Simple Way to Prepare Speedy Filipino Chicken Adobo with White Rice
by Bernice Farmer
Filipino Chicken Adobo with White Rice
Hello everybody, I hope you’re having an incredible day today. Today, I will show you a way to make a special dish, filipino chicken adobo with white rice. One of my favorites food recipes. This time, I am going to make it a bit unique. This is gonna smell and look delicious.
Filipino Chicken Adobo with White Rice is one of the most favored of current trending meals on earth. It is easy, it’s quick, it tastes delicious. It is appreciated by millions every day. They are nice and they look wonderful. Filipino Chicken Adobo with White Rice is something that I’ve loved my entire life.
To begin with this particular recipe, we must prepare a few ingredients. You can have filipino chicken adobo with white rice using 15 ingredients and 8 steps.

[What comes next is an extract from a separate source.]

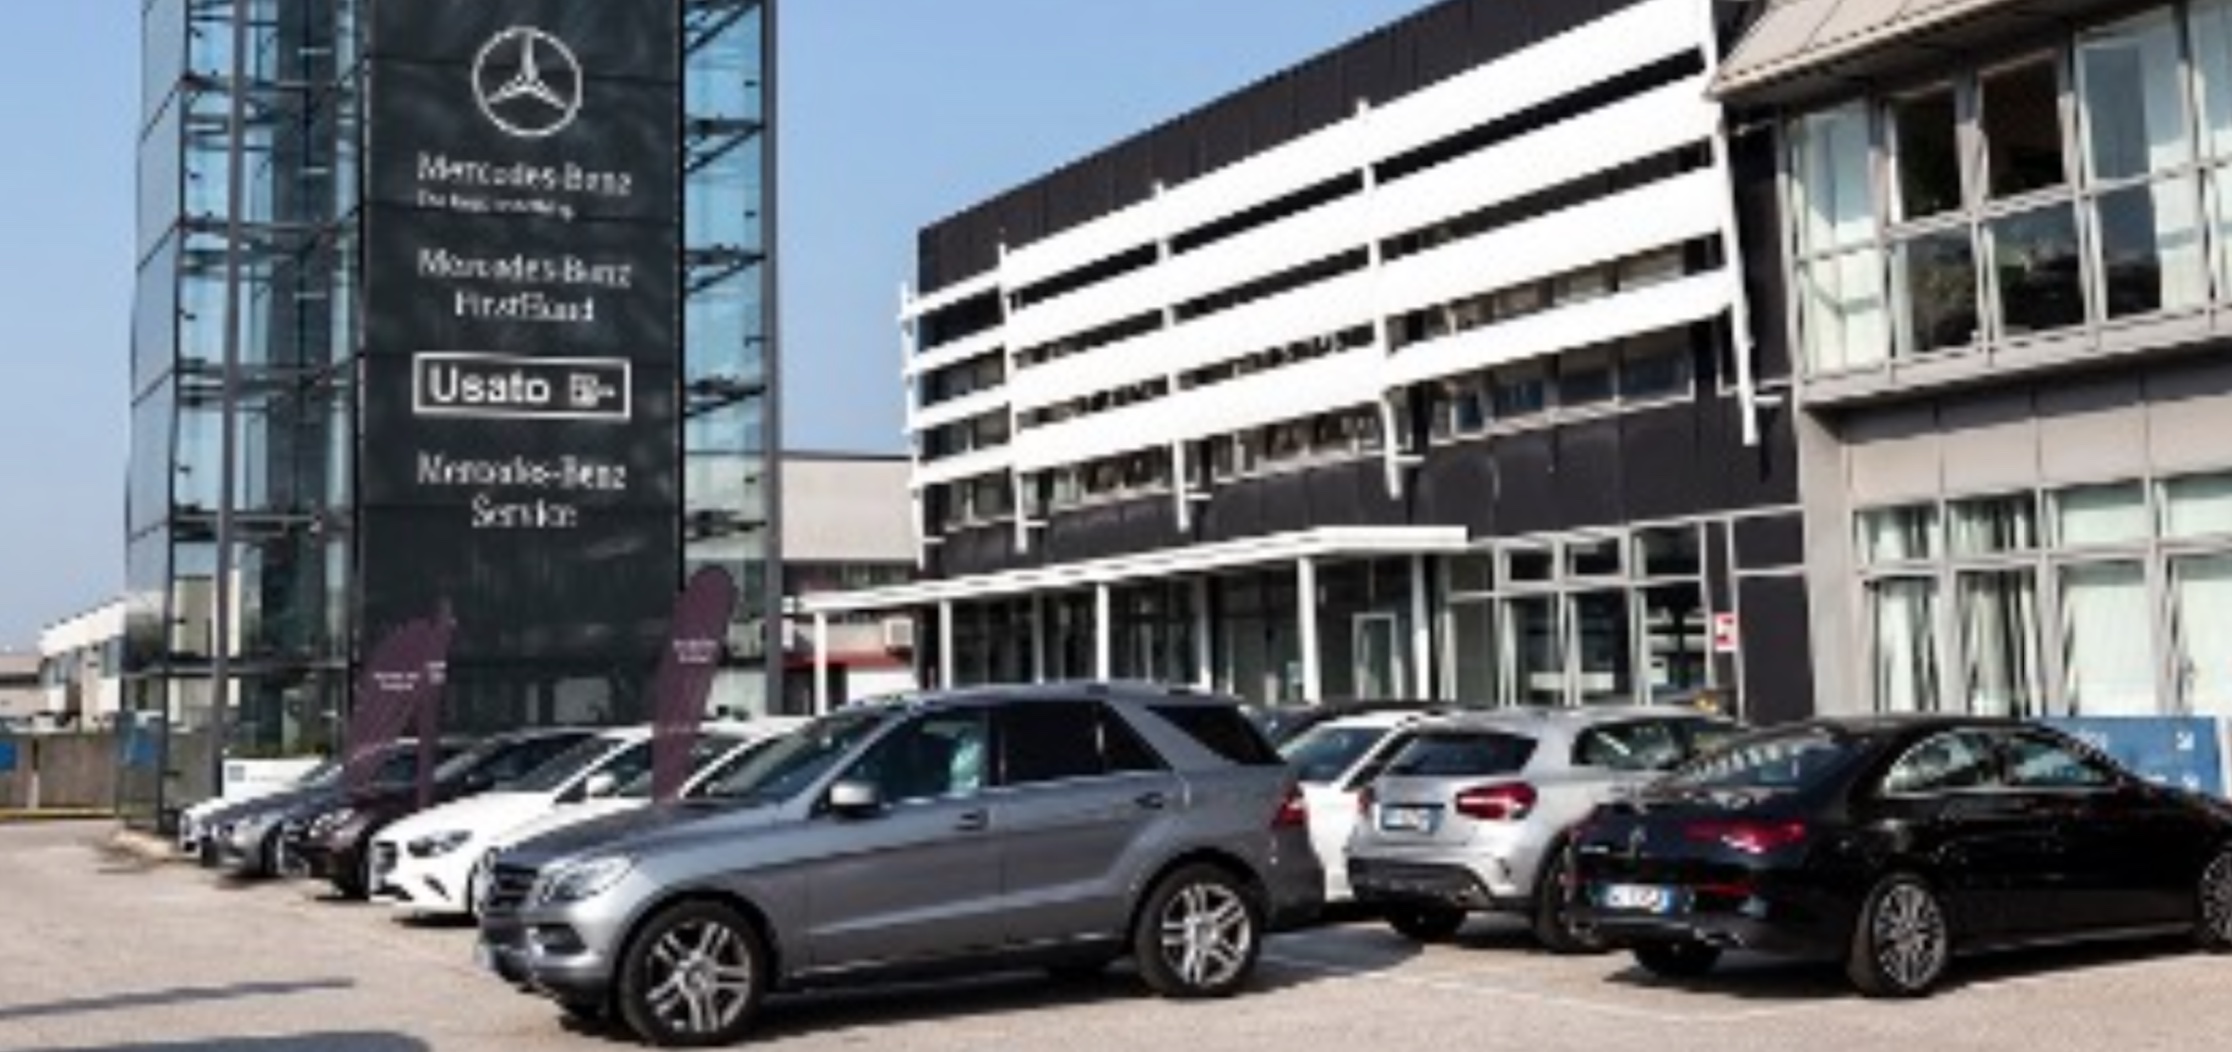 Truffa alla Mercedes con documenti falsi: 4 arresti a Casoria

Here is how you cook that.
The ingredients needed to make Filipino Chicken Adobo with White Rice:
Make ready Chicken and marinade
Get boneless skinless chicken thighs
Take garlic cloves
Prepare soy sauce
Take + 2 tbs white vinegar
Make ready bay leaves
Prepare For cooking
Prepare Canola oil
Make ready garlic cloves, minced
Get small onion diced
Make ready water
Take brown sugar
Prepare whole black pepper
Take Toppings
Make ready green onions, sliced
Steps to make Filipino Chicken Adobo with White Rice:
Combine Chicken and Marinade ingredients in a bowl. Marinate for at least 20 minutes, or up to overnight2 green onion, sliced
Heat 1 tbsp oil in a skillet over high heat. Remove chicken from marinade (reserve marinade) and place in the pan. Sear both sides until browned – about 1 minute on each side. Do not cook the chicken all the way through.
Remove chicken skillet and set aside.
Heat the remaining oil in skillet. Add garlic and onion, cook 1 1/2 minutes.
Add the reserved marinade, water, sugar and black pepper. Bring it to a simmer then turn heat down to medium high. Simmer 5 minutes.
Add chicken smooth side down. Simmer uncovered for 20 to 25 minutes (no need to stir), turning chicken at around 15 minutes, until the sauce reduces down to a thick jam-like syrup.
If the sauce isn't thick enough, remove chicken onto a plate and let the sauce simmer by itself - it will thicken much quicker - then return chicken to the skillet to coat in the glaze.
Coat chicken in glaze then serve over rice.